The damaged girl was flown to Brisbane in the Westpac emergency helicopter, and I went home crying. Clearly she was having the worse day. I got home at two in the afternoon and said to Lovergirl, 'I'm not going back.' I think we had signed our mortgage about two weeks earlier. She blanched slightly but recovered, barely missing a beat. I can't remember what she said but it was very low key and non-reactive. I don't think I even told her why for a couple of weeks. I lay in bed for the next three months, only getting up to do yoga, during which I would howl silently while I contorted my body into poor imitations of bipasana and guptadasana*, the accumulated grief of fifteen years of second hand trauma leaking out though my red eyes and snotty nose. The best thing about it was losing heaps of weight. Fifty-eight kilos I weighed, what a dream!

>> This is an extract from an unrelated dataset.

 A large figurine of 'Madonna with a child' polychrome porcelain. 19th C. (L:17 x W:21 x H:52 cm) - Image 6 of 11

One day Lovergirl said, quite casually, 'You know, you're really hard to live with at the moment.' It's funny, that was a real turning point. Maybe it's just that her timing was exactly right. But I started to think about people around me again. You know, making an effort to have conversations, trying to notice when maybe Lovergirl was having a bad day and wanted some attention for a change.

I believe the girl survived although I think she's in a nursing home now.

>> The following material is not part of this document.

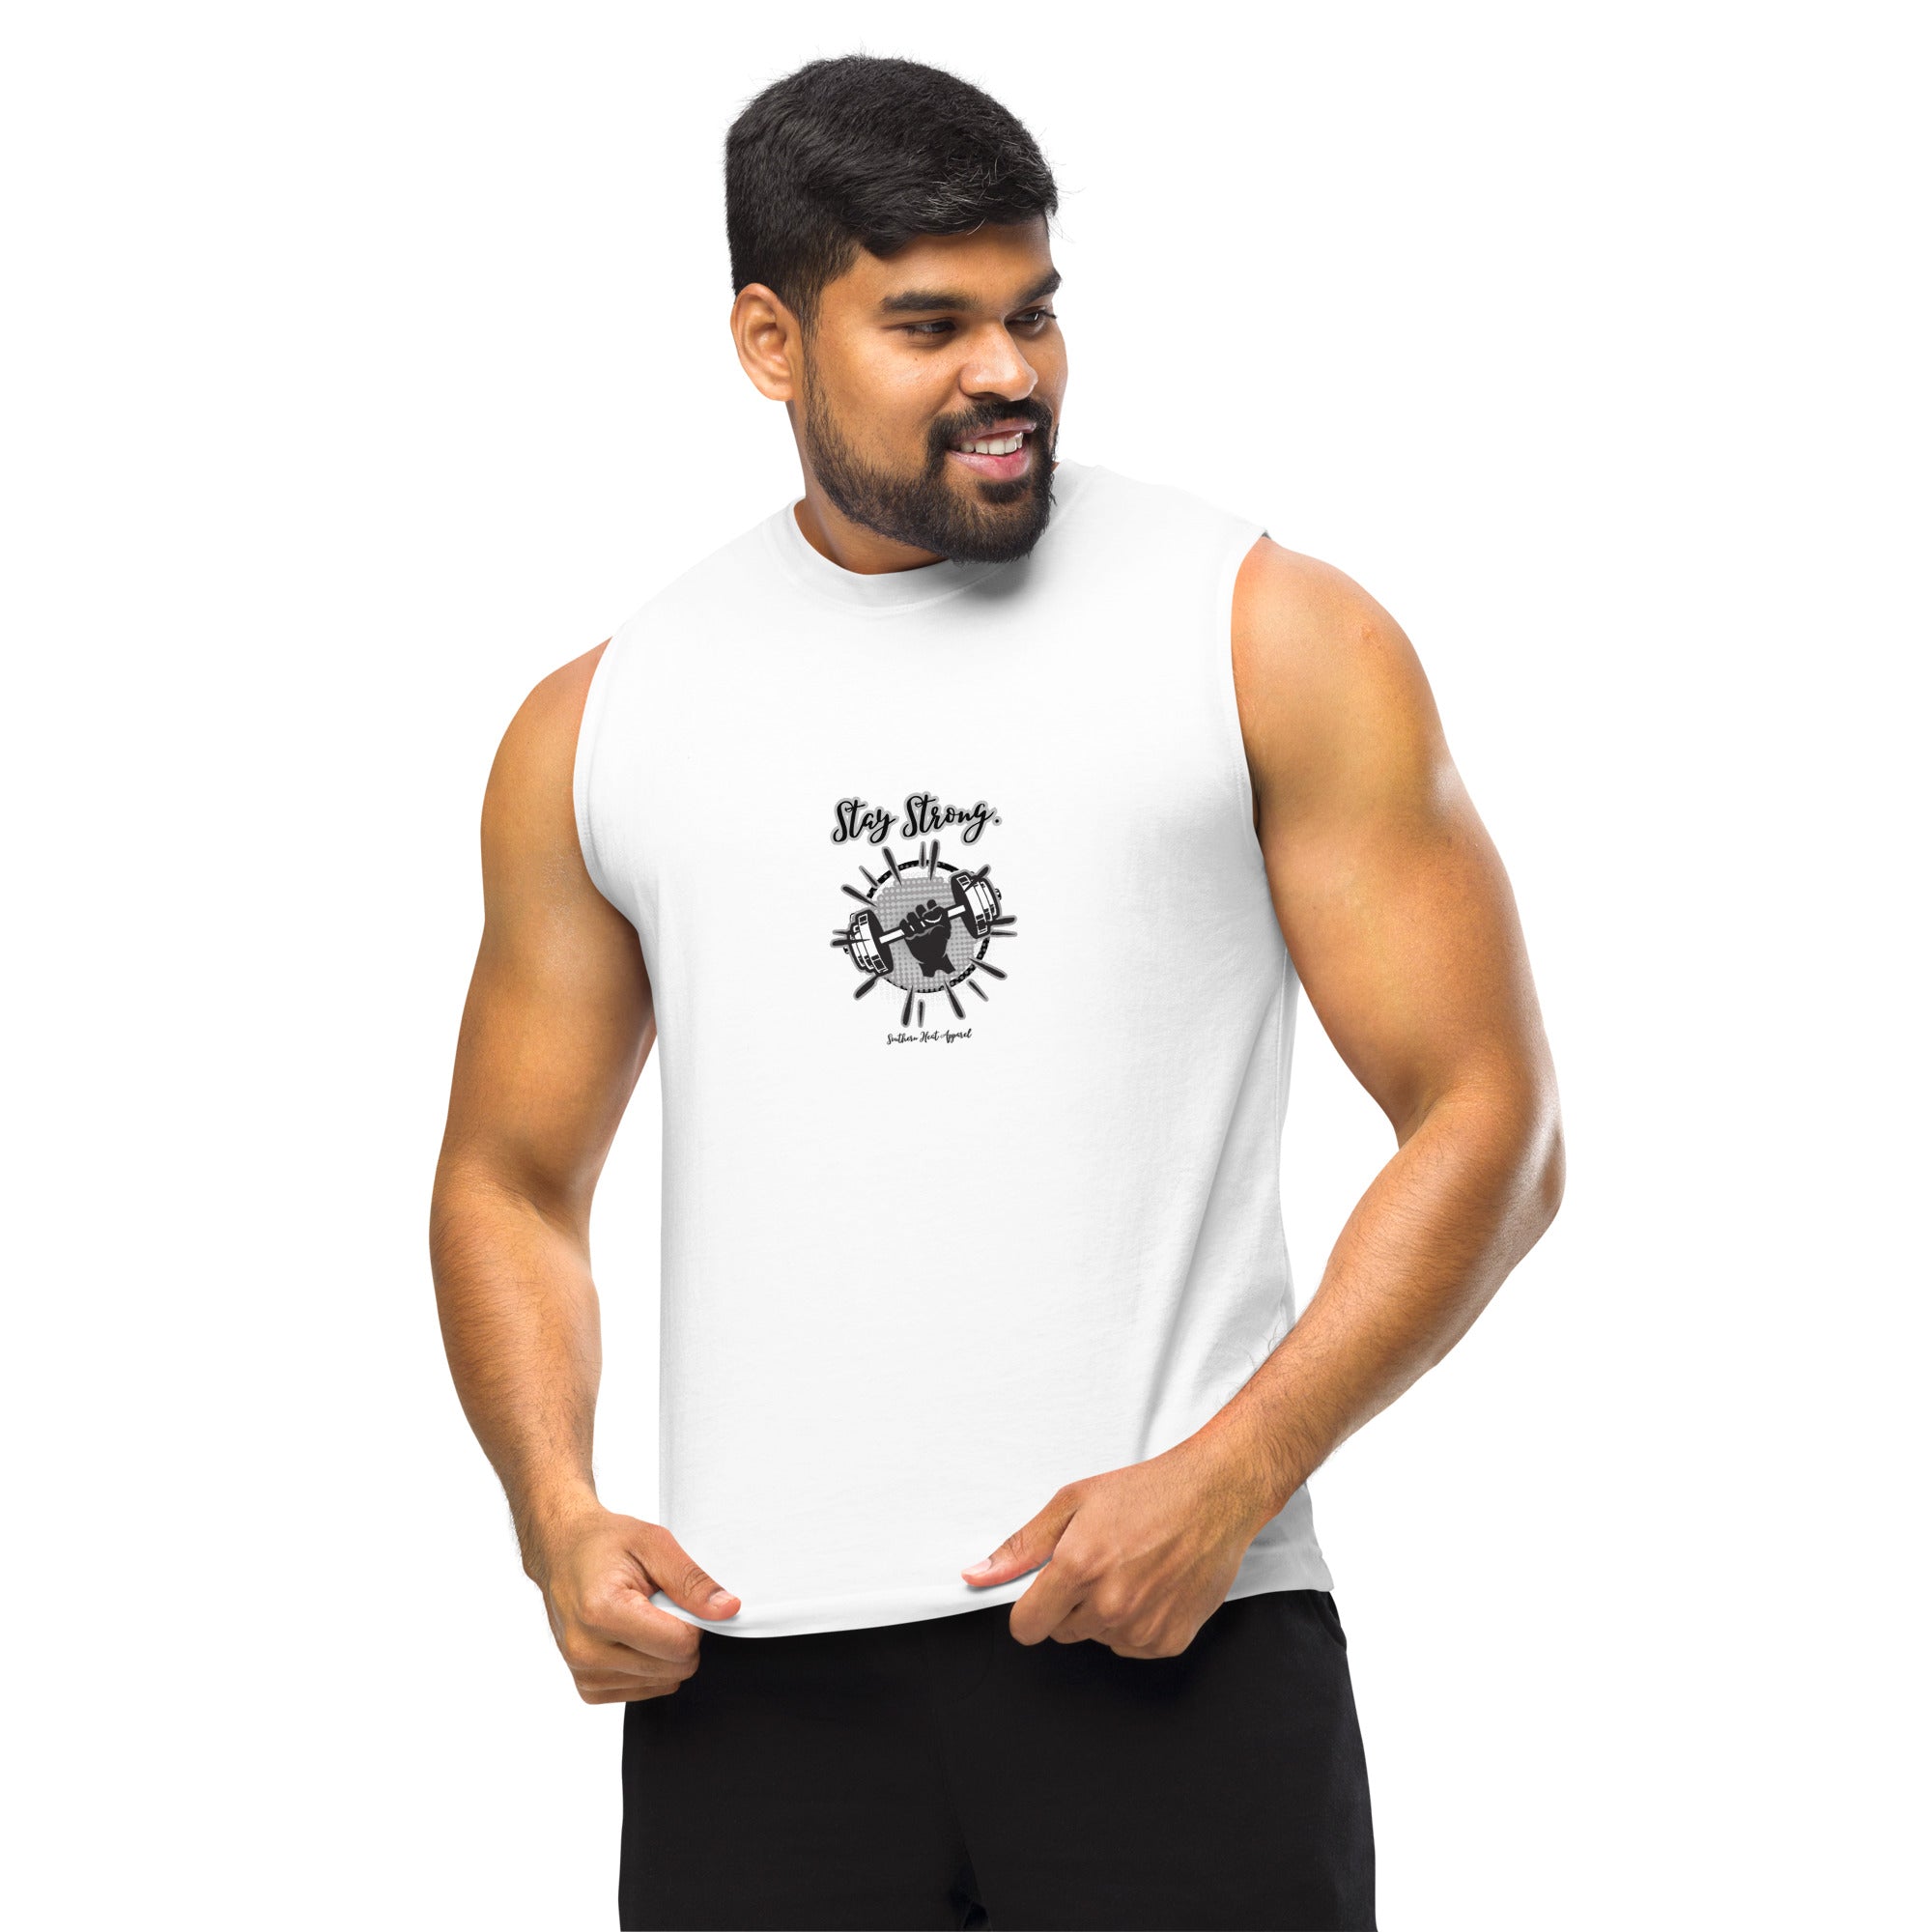 Stay strong-Mens Muscle Shirt

I've just had dinner with a couple of 'consumer activists', Neil and Rick, together with Jonathon and Jill from work. A consumer, in a mental health context, is a person who uses mental health services. It's a terrible term. I always think of little pac-men (remember them?) bleeping across the screen, devouring everything in their path. But it's an evolution from 'patient' and even 'client', which as they (consumers) say, implies choice where often there is none. Rick and Neil are outspoken firebrands, constantly harassing mental health services to do more and better. They'd just come from a meeting with the Qld health minister. Neil's serious, slow speaking, a bit intense. Rick's wild and edgy, with a raucous laugh. I like him a lot. He was the lead in an Australian movie about 15 years ago. I haven't seen it, I'll have to get it out. I think he's the first movie star I've ever met! You see, I'm a bit thrilled, even though stardom was long ago. I asked him about his movie career tonight. He says he was discovered by the producer father of a friend while at high school, made the movie, the movie came out in May and by August he was psychotic & locked up in Melbourne's Larundel Hospital. After he got out he ran away to live on an Aboriginal community for a few years (he's not Aboriginal). And that was the story of his movie career.

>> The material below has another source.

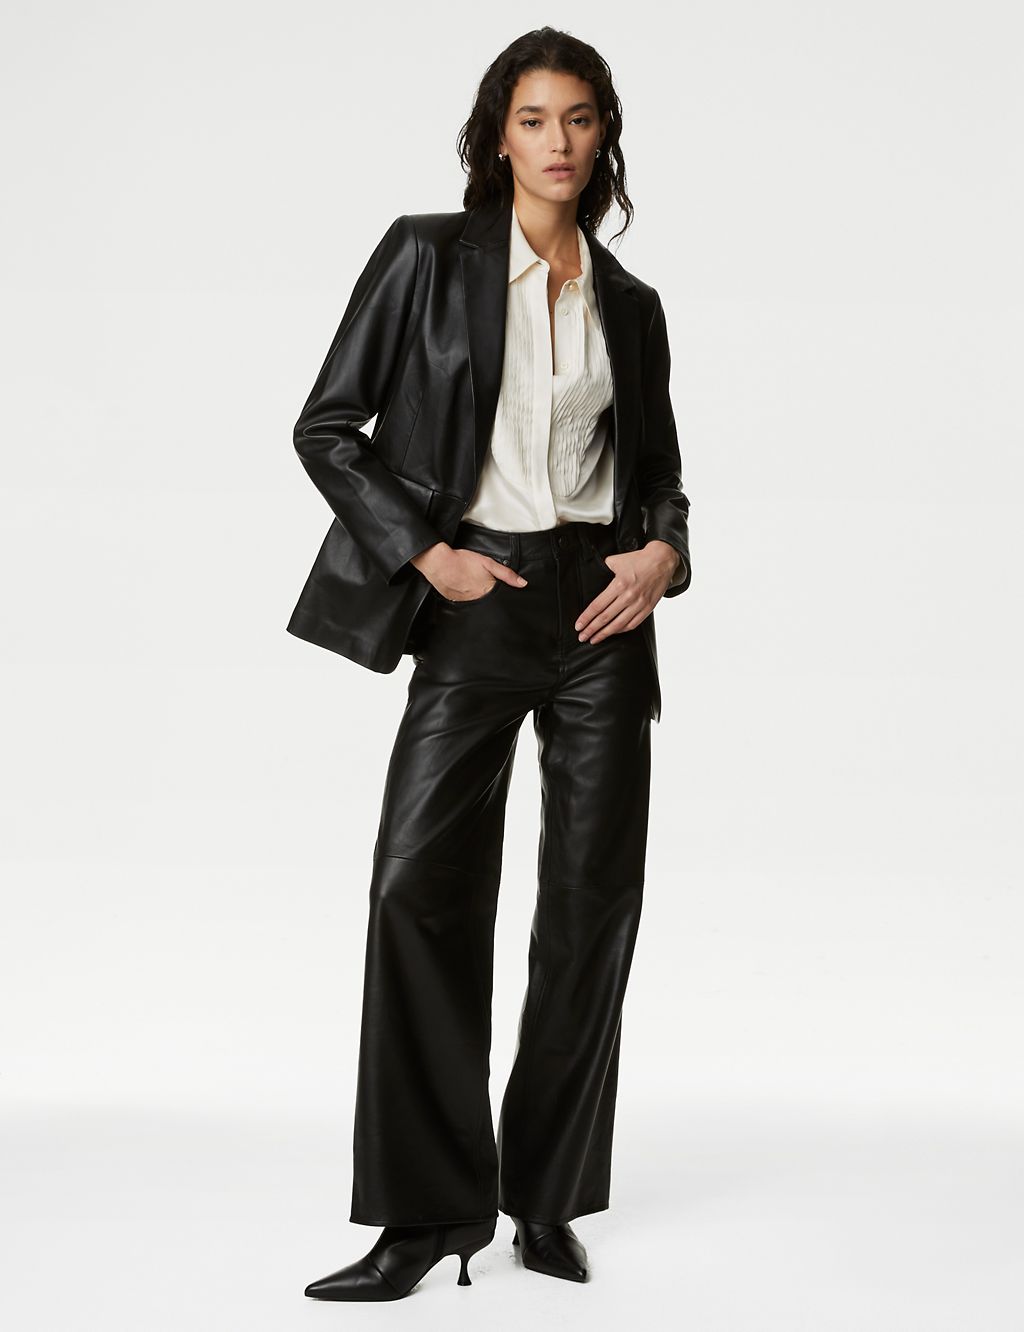 M&S’s Leather Trousers Are Legendary—Now, They’re Back for Winter

One of the great things about this job is meeting really powerful, interesting people with psych diagnoses who are out of the closet and angry about getting decent services and decreasing stigma. I'm ashamed of getting depressed for three months. Imagine what it's like to have a real mental illness.

*I'm making those up, I can't remember the pose names. There was one that would ALWAYS make me cry, it involved sitting on the floor, legs wide apart, and bending right forward until my chest touched the floor


Danel Haszard said...

Well said,i applaud your blog, mental health consumers are the least capable of self advocacy,my doctors made me take zyprexa for 4 years which was ineffective for my symptoms.I now have a victims support page against Eli Lilly for it's Zyprexa product causing my diabetes.--Daniel Haszard

Katya said...

Thank you for reposting this. I wish everyone else responded so promptly to my requests - for example despite repeatedly saying to my 5 year old today'can you PLEASE eat your lunch a bit quicker?' it still took him three quarters of an hour to eat half a sandwich.
Also, 'The Women's Room' was written by Marilyn French, and I would so NOT bother reading 'The Line of Beauty', I thought it was a turkey.

sophier said...

Excellent work at reposting this entry. I work in a very similar area and unfortunately self care and de briefings are romantic ideas that we all cling to in the hope of staying sane. This needs to be talked about more openly and internal wounds need to be worked upon sometimes more vigorously than the wounds we can see. HURRAH to you!!